1. Introduction
Rotating machinery plays a key role in industrial production. Once failure occurs, it may lead to significant downtime losses. The condition monitoring and fault identification diagnosis for rotating machinery is an important guarantee to improve the reliability of mechanical equipment operations [
1]. Since the fault feature information of rotating machinery is complex and changeable, it is important for mechanical fault diagnosis to accurately extract the intrinsic characteristics from all kinds of fault signals [
2].
Common signal feature extraction methods for rotating machinery include time domain and frequency domain methods [
3], e.g., time domain analysis, spectrum analysis, correlation analysis, zoom spectral analysis, independent component analysis, wavelet transform, as well as empirical mode decomposition [
4,
5,
6]. These methods are effective only for single fault diagnosis.
As modern rotating machinery becomes more complex and intelligent, the state features have non-stationary dynamic and multi-source coupling characteristics [
7]. There are many factors that cause faults. A new fast estimator of the spectral correlation (the fast spectral correlation) based on the short-time Fourier transform (STFT) for a cyclostationary signal is proposed [
8]. One kind of fault can be described with different characteristic indices. The same symptom is often the result of several faults, and the fault feature and, as a result, the mapping between the fault feature and the fault source is nonlinear [
9]. The complexity of fault diversity, uncertainty, and the connection between various faults constitute the technical difficulties for fault diagnosis. It is difficult to extract effective fault feature information and diagnose faults by means of a single fault feature and diagnosis method. Therefore, it is necessary to use information fusion methods to combine multi-symptom information.

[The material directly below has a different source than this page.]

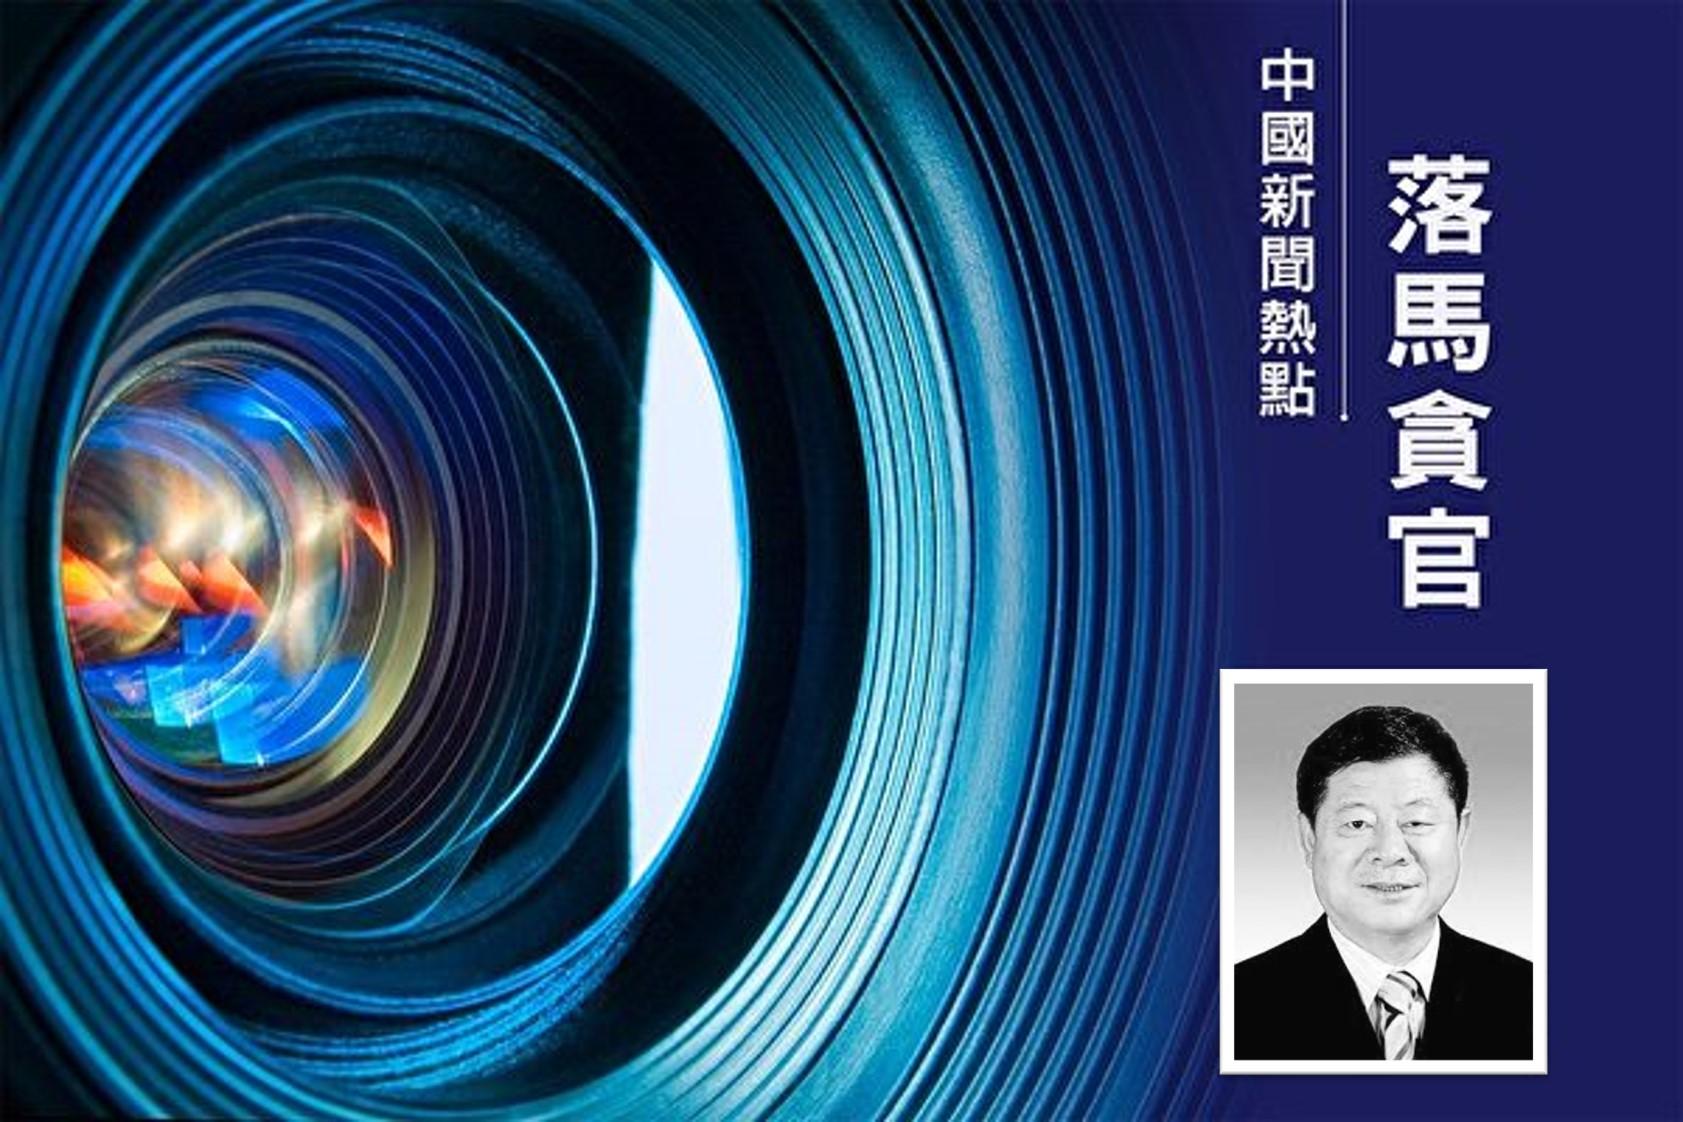 2021年2月21日,退休三年的貴州省前政協主席王富玉被查。王富玉成為中國新年後首名省部級老虎。(大紀元合成圖片)

Entropy is a physical quantity that represents the degree of regularity and complexity of the system. It has been applied to the field of mechanical fault diagnosis in recent years [
10,
11,
12]. Antoni [
13] proposed an entropic evidence method to measure the negentropy of the squared envelope (SE) and of the squared envelope spectrum (SES) of the signal, which can capture the signature of repetitive transients in time or frequency domains. Gao et al. [
14] proposed an ensemble empirical mode decomposition (EEMD) method-based singular spectrum entropy for signal analysis and fault diagnosis of rotating machinery. A fault detection method based on multi-sensor data fusion for planetary gearboxes is presented in [
15]. Compared with the methods based on individual sensors, the proposed method achieves much higher accuracies in detecting planetary gearbox faults. Bai et al. [
16] presented a fault quantitative diagnosis method which described the change disciplinarian of rotor vibration by the power spectrum entropy with more measurement points and multiple speeds based on information entropy theory. Xu et al. [
17] used approximate entropy to describe the irregularity and complexity of mechanical vibration signals and measured the complexity of two-dimensional signals of axis orbits. It also quantitatively evaluated the running status of rotating machinery. An approximate entropy-based method for machine health monitoring from a rolling bearing is proposed in [
18]. Gui et al. [
19] proposed wavelet packet characteristic entropy and a neural network for dynamic feature extraction and fault detection of a pressure pulsation signal of a turbine draft tube. When a rolling bearing is at the early fault stage, the signal is easily contaminated by the gear and other noise sources, and Sun et al. [
20] presented a method of singular point recognition and feature extraction for the incipient bearing fault based on instantaneous envelope scalogram entropy. Jing [
21] proposed an adaptive multi-sensor data fusion method based on deep convolutional neural networks (DCNN) for fault diagnosis. It obtained satisfactory diagnosis accuracy.
Staszewski [
22] proposed a method of wavelet-based compression and feature selection for periodic, continuous, non-stationary, and transient non-stationary signals analysis. Kahirdeh et al. [
23] utilized acoustic entropy to characterize the Materials in the Course of Degradation, and demonstrated that the maximum acoustic entropy that can emanate from materials during the course of degradation remains similar. Cui et al. [
24] proposed a method of compressor valve fault diagnosis using information entropy and an SVM, obtaining good performance from experiments. Cabal et al. [
25] presented a methodology for induction motor condition monitoring by analyzing a single parameter, which can detect different faults quantitatively.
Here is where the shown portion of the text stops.